I've wanted to get involved for a while. They have pulls over in Athens, TN all the time. 

Trance is too soft and sharp for pull work, and Indi's name and "work" don't even belong in the same sentence. Now I have a dog with some real potential. I hope it turns out how I hope.


----------



## My_Bullys_Keeper (Jul 22, 2009)

wow he is beautiful! good luck getting him ready for pulling! he looks like he's be real good at it lol


----------



## vdubbinya (Oct 8, 2008)

beautiful boy. indis still my fav tho haha  ---shane


----------



## MY MIKADO (Apr 7, 2006)

He is a handsome fellow. I hope he works out well for you and your WP dream. Keep us posted on his progress.


----------



## Roxy_Nie (Oct 10, 2008)

Great looking guy!!


----------



## Nizmo (Jan 15, 2009)

from the real camelot kennel or... the other one..?


----------



## rollincoal (Aug 20, 2009)

Indica said:


> Yep.
> 
> I've wanted to get involved for a while. They have pulls over in Athens, TN all the time.
> 
> Trance is too soft and sharp for pull work, and Indi's name and "work" don't even belong in the same sentence. Now I have a dog with some real potential. I hope it turns out how I hope.
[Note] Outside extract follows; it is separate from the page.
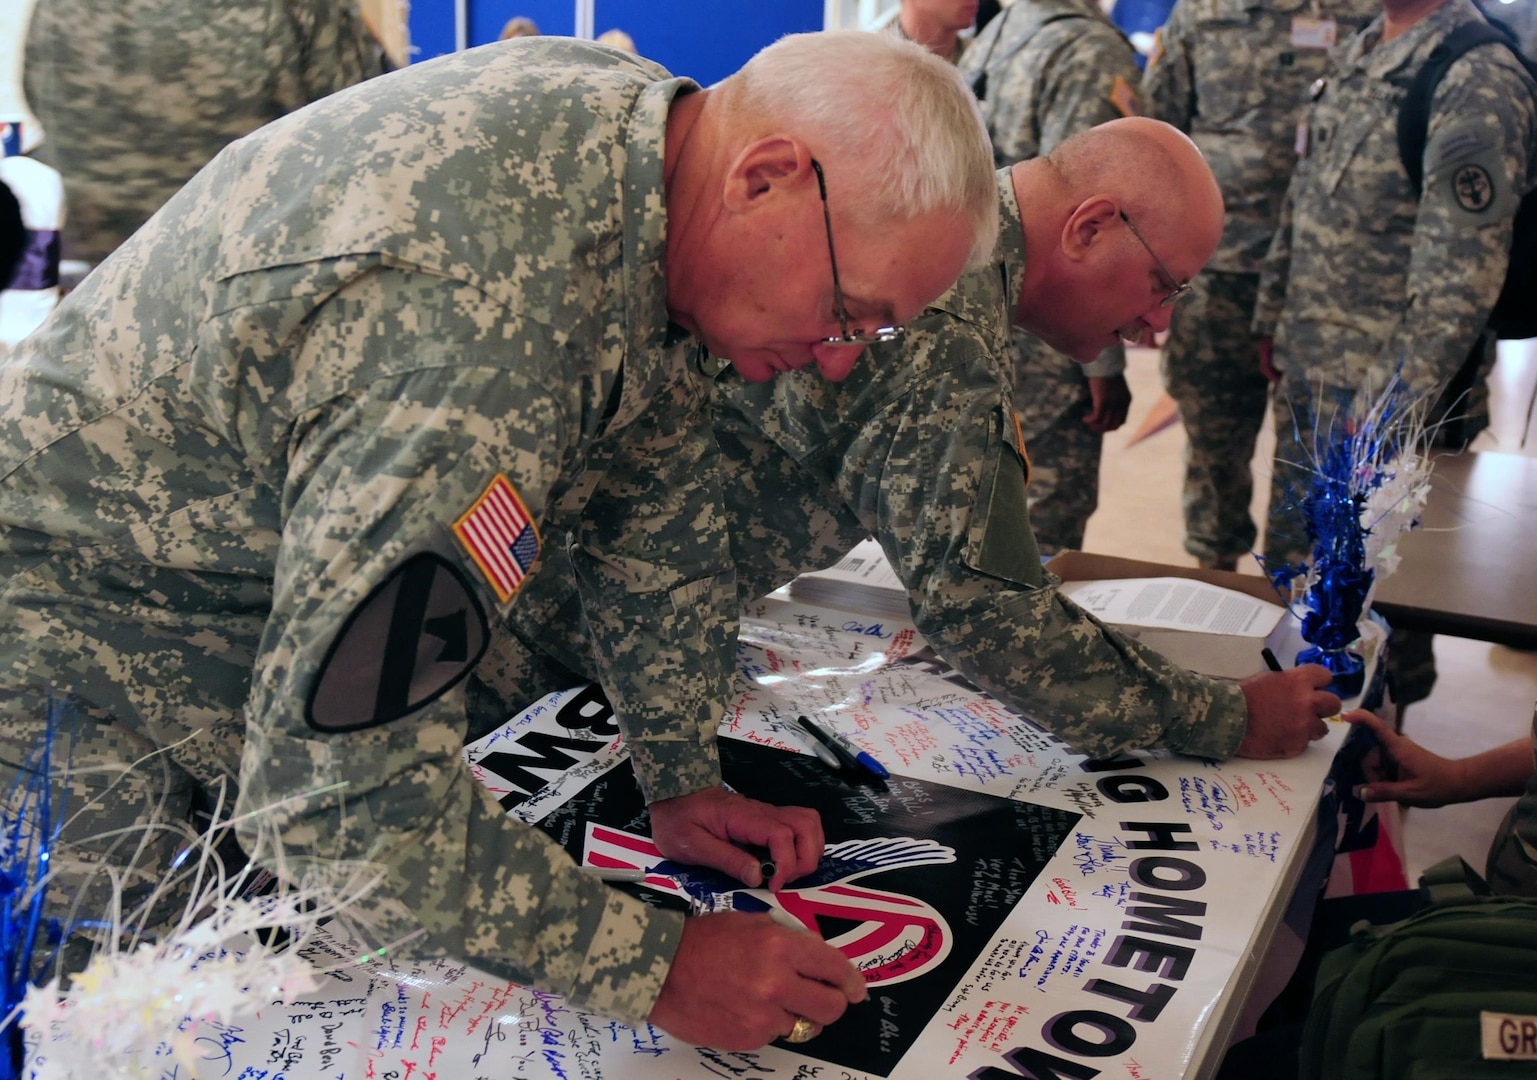 Maj. Gen Dennis Celletti, the assistant adjutant general for Army of the Illinois National Guard, right, and Command Sgt. Maj. John Starbody, the senior enlisted adviser for the Illinois Army National Guard, sign a banner to honor the Soldiers who took part in the injured warrior muster at Rock Island Arsenal Garrison, Oct. 18, 2010.
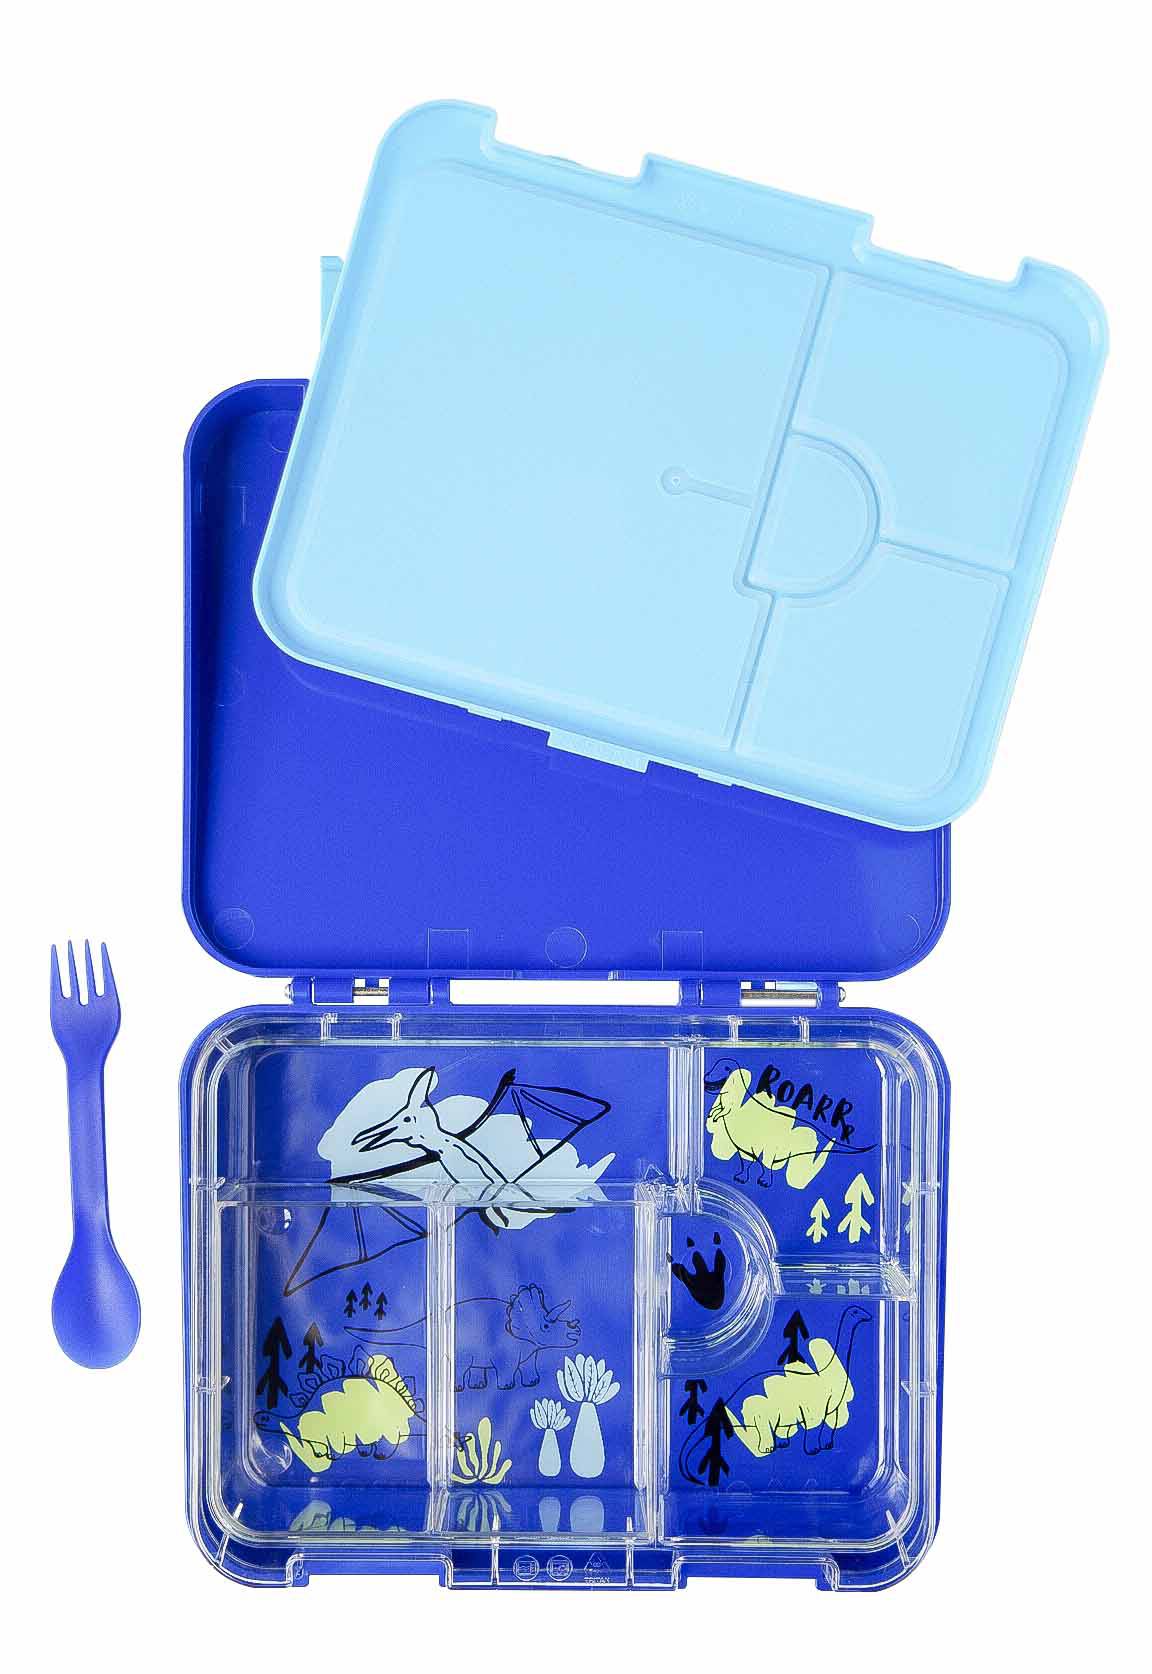 Lunchboxinc  TWO x Lunch Box Leakproof Kiwibox 2.0 Bento  Choose any 2 - LunchBox Inc.

What part of mid tn do you live in. I live in Murfreesboro there are pulls in milton tn thats about 30 to 40 min from murfreesboro


----------



## Patch-O-Pits (Jan 12, 2008)

Cute! LOL One of my females is named Bodacious. She is Dacious or Bodie or Bodie-O for short when I am lazy, but usually I call her Bodacious.

That name doesn't suite him though IMO. He looks more like his name should be something like
Kong
T-Rex
...Mainly because of his stature.


----------



## bluefamily (Aug 8, 2007)

What about Ivanhoe, then you can say "HEAVE HO!" on the wp track...lol! Ivanhoe was a beast if you will recall....


----------



## Indica (Sep 23, 2008)

Nizmo357 said:


> from the real camelot kennel or... the other one..?


Lol, there's some drama for you.

I will post his pedigree for you. In a very disorganized copy/paste sort of way. a few new pictures, uploading them now.

LOL @ Ivanhoe! We're thinking Vegas, but nothing for sure yet.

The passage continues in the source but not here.